▸ **Prompt**
Please retype the records below exactly as they appear, leaving out every picture.

▸ **Information**
============
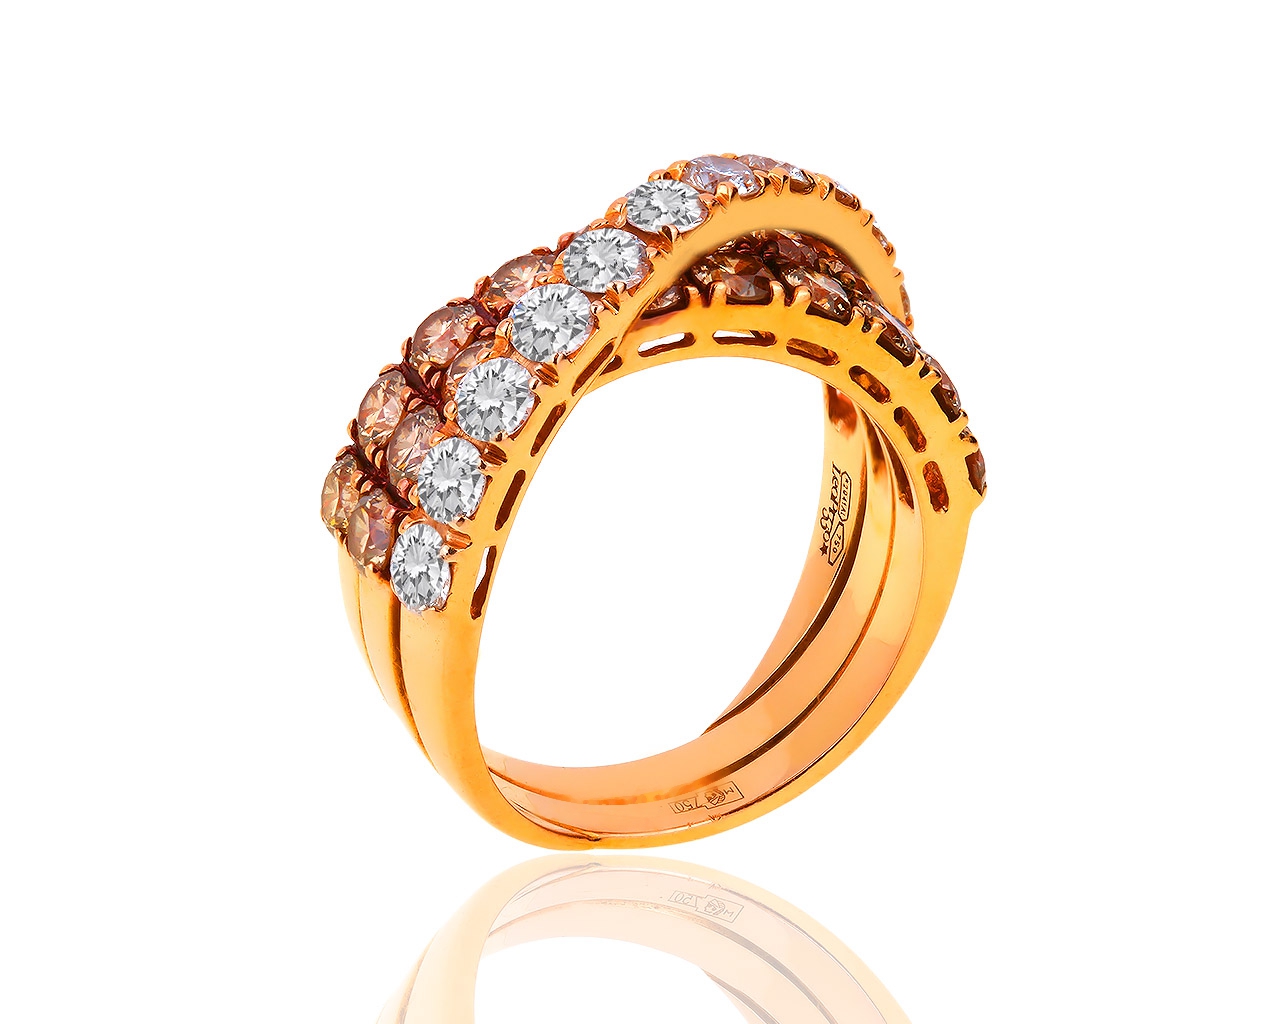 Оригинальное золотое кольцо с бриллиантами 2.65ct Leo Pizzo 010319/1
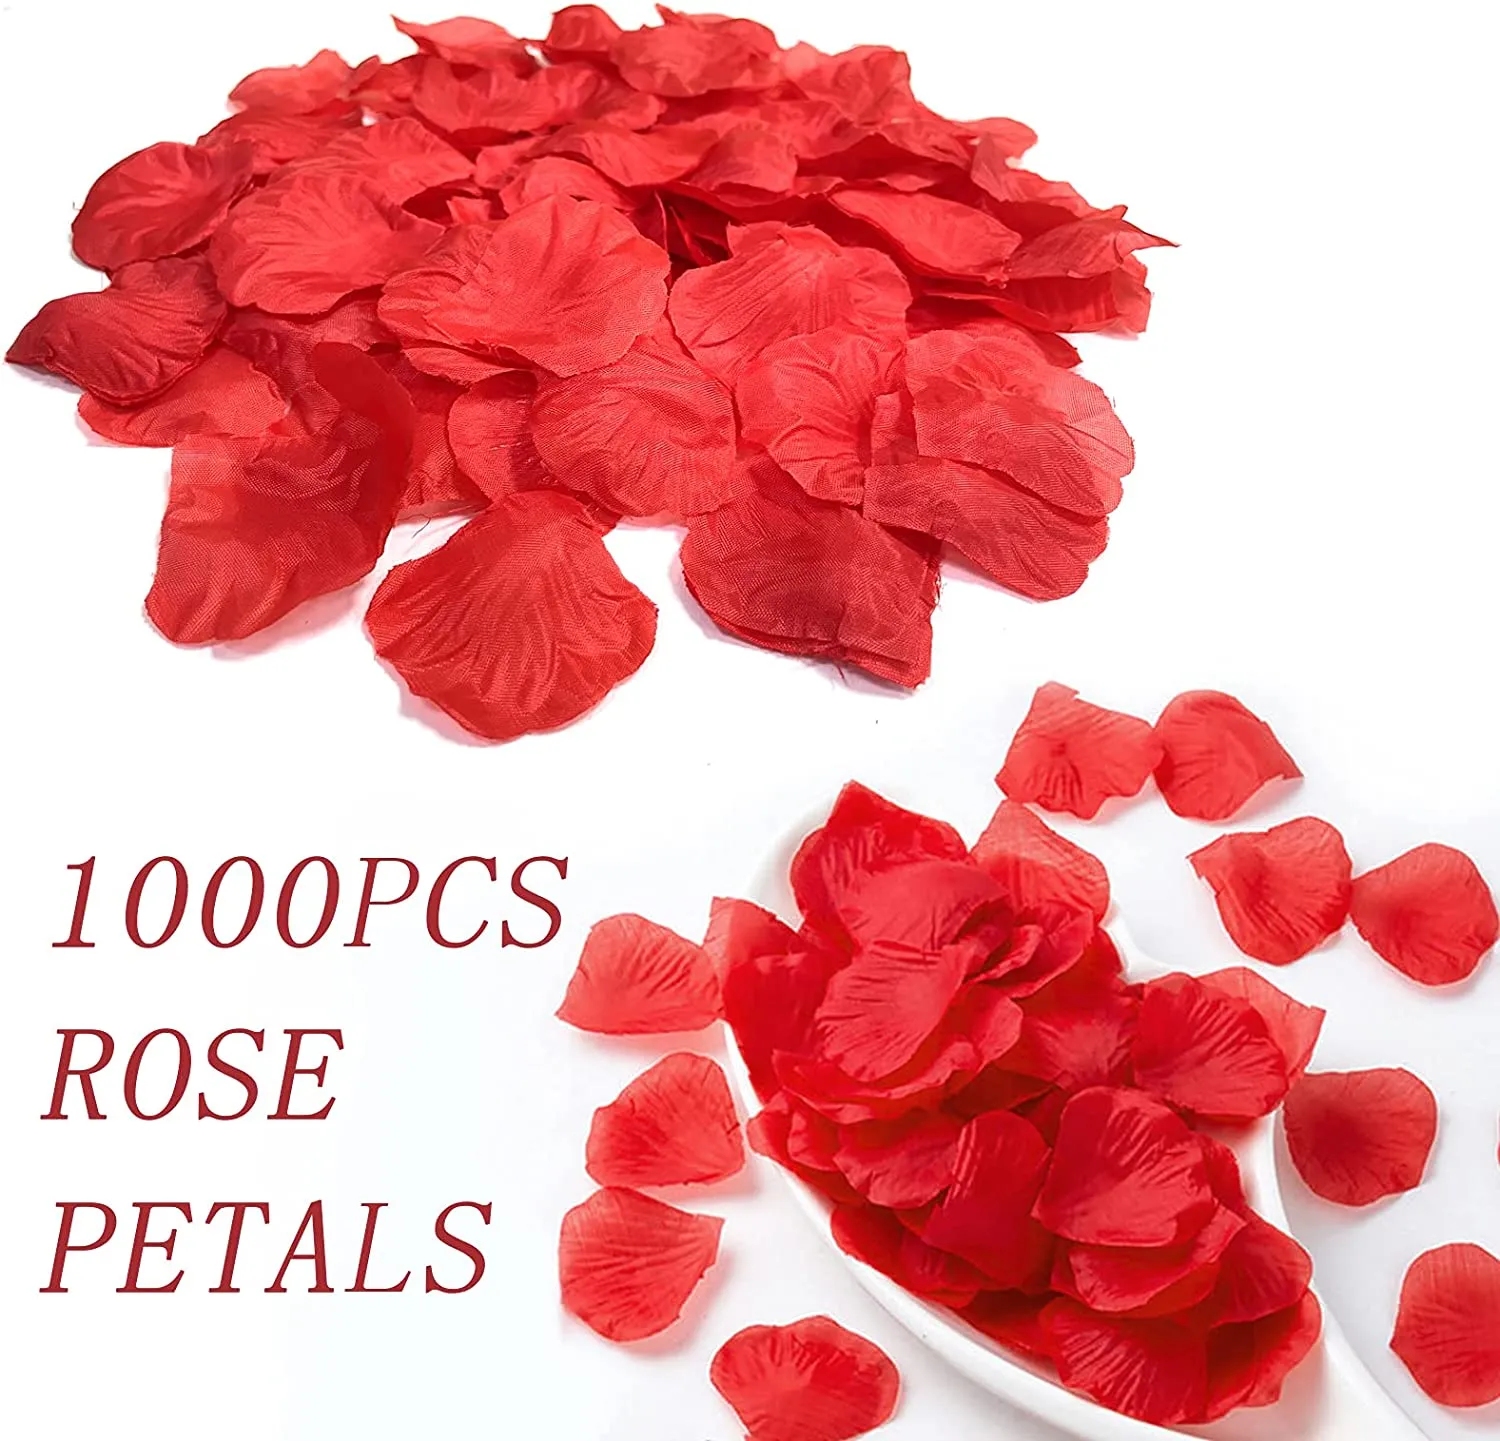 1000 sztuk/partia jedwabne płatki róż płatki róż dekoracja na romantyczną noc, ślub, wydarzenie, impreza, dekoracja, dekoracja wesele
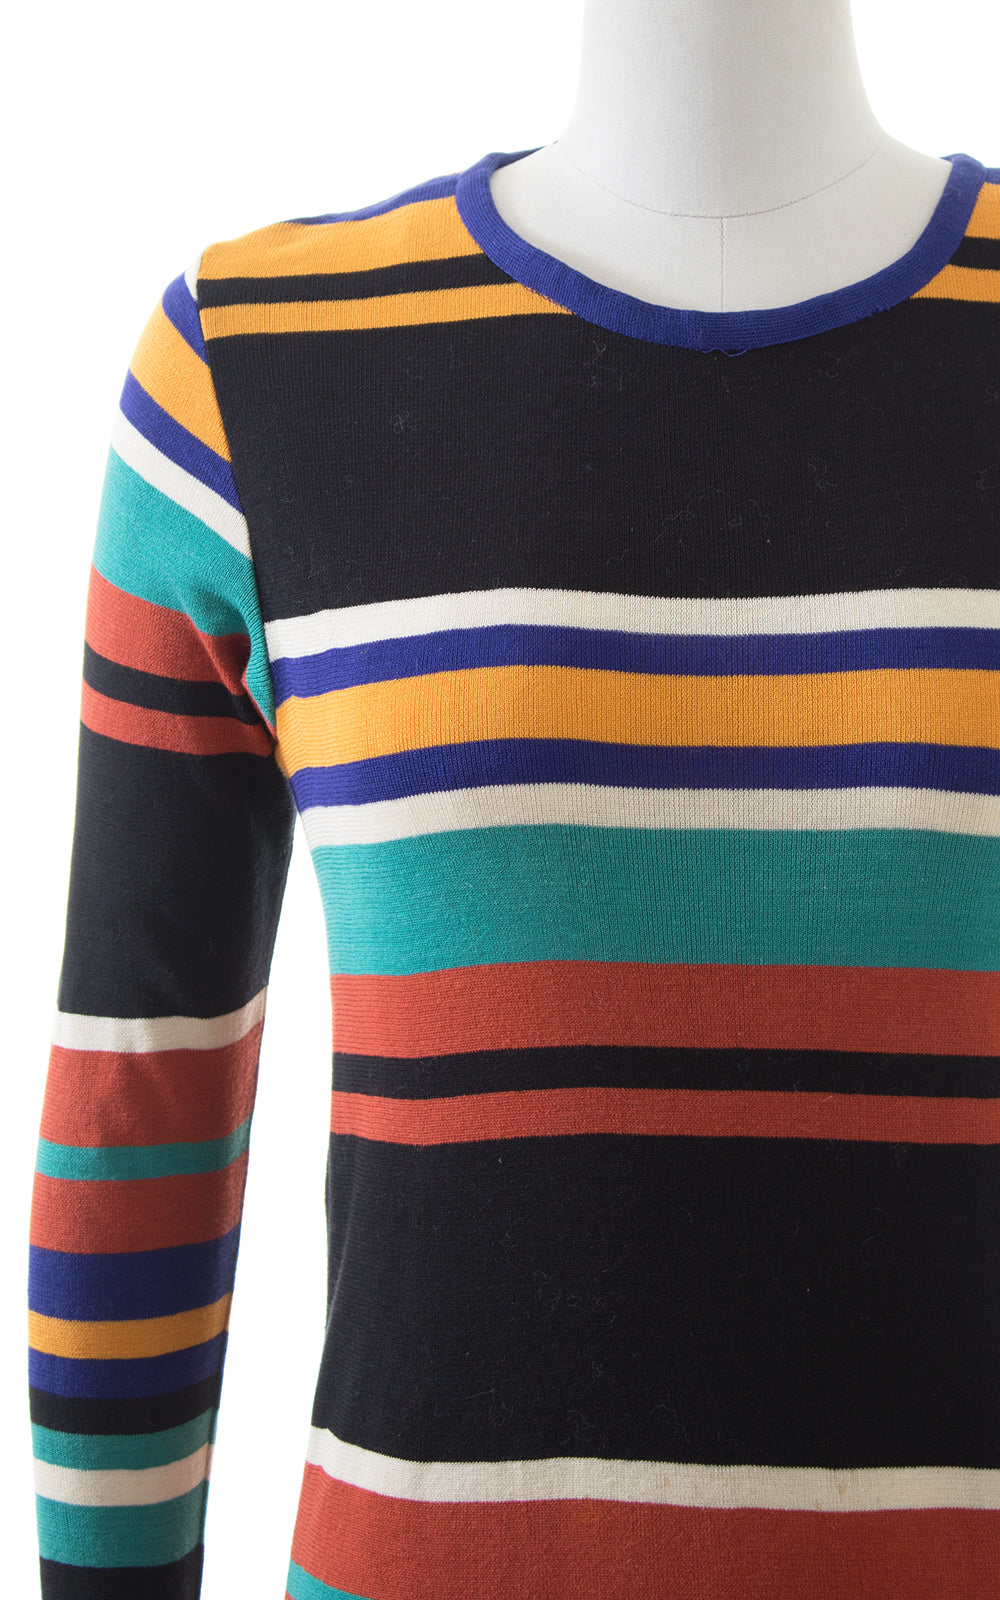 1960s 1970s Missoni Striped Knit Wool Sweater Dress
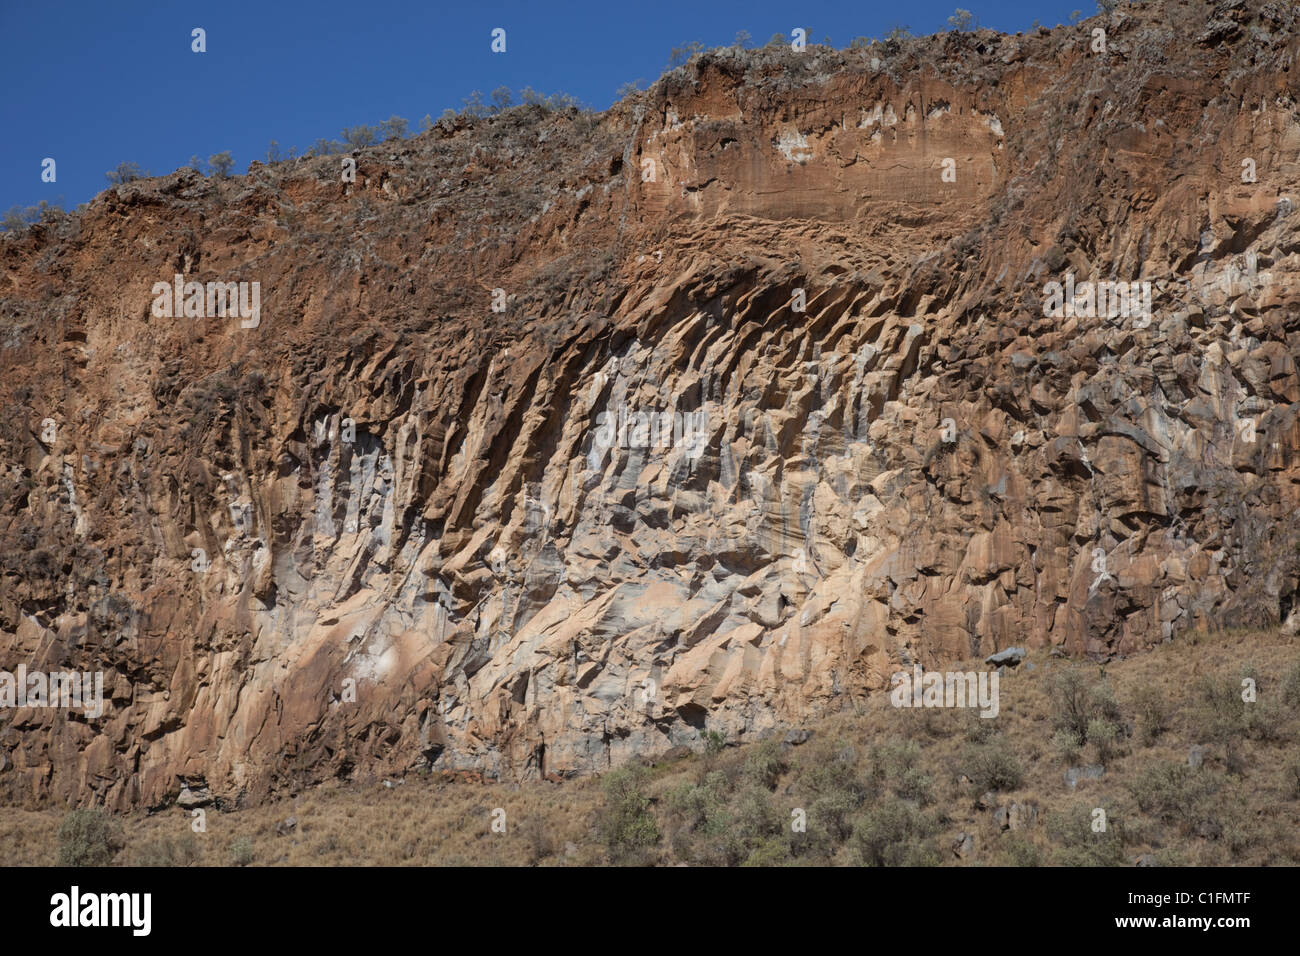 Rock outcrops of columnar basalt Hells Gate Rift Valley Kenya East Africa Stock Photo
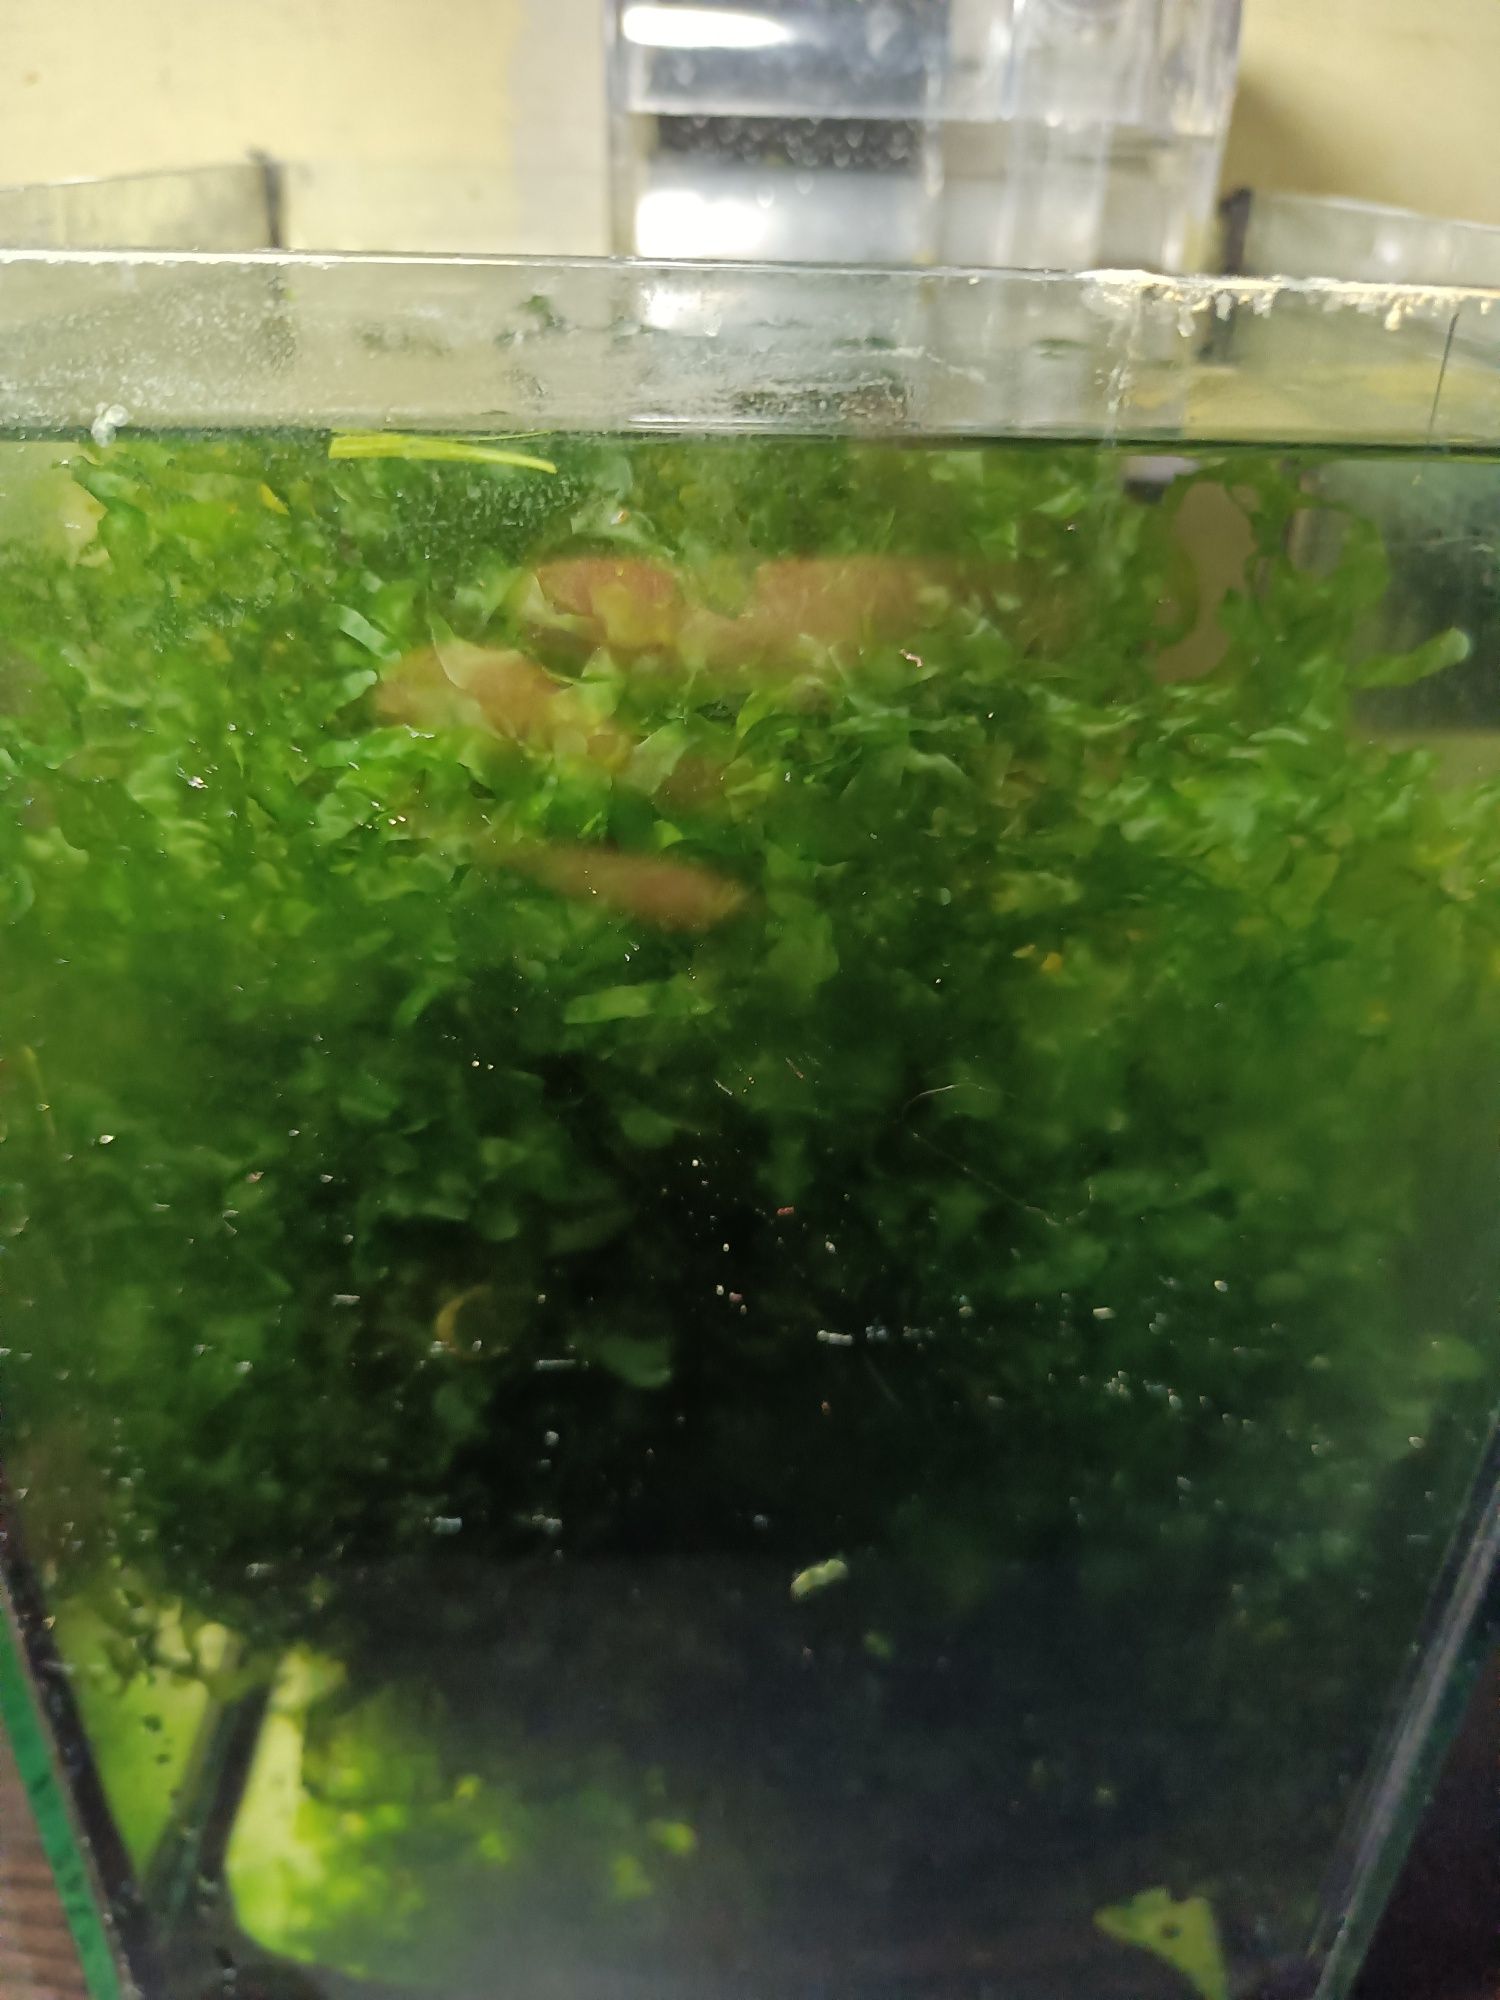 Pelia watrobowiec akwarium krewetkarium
============
▸ **Solution**
 Оригинальное золотое кольцо с бриллиантами 2.65ct Leo Pizzo 010319/1
 1000 sztuk/partia jedwabne płatki róż płatki róż dekoracja na romantyczną noc, ślub, wydarzenie, impreza, dekoracja, dekoracja wesele
 1960s 1970s Missoni Striped Knit Wool Sweater Dress
 Rock outcrops of columnar basalt Hells Gate Rift Valley Kenya East Africa Stock Photo
 Pelia watrobowiec akwarium krewetkarium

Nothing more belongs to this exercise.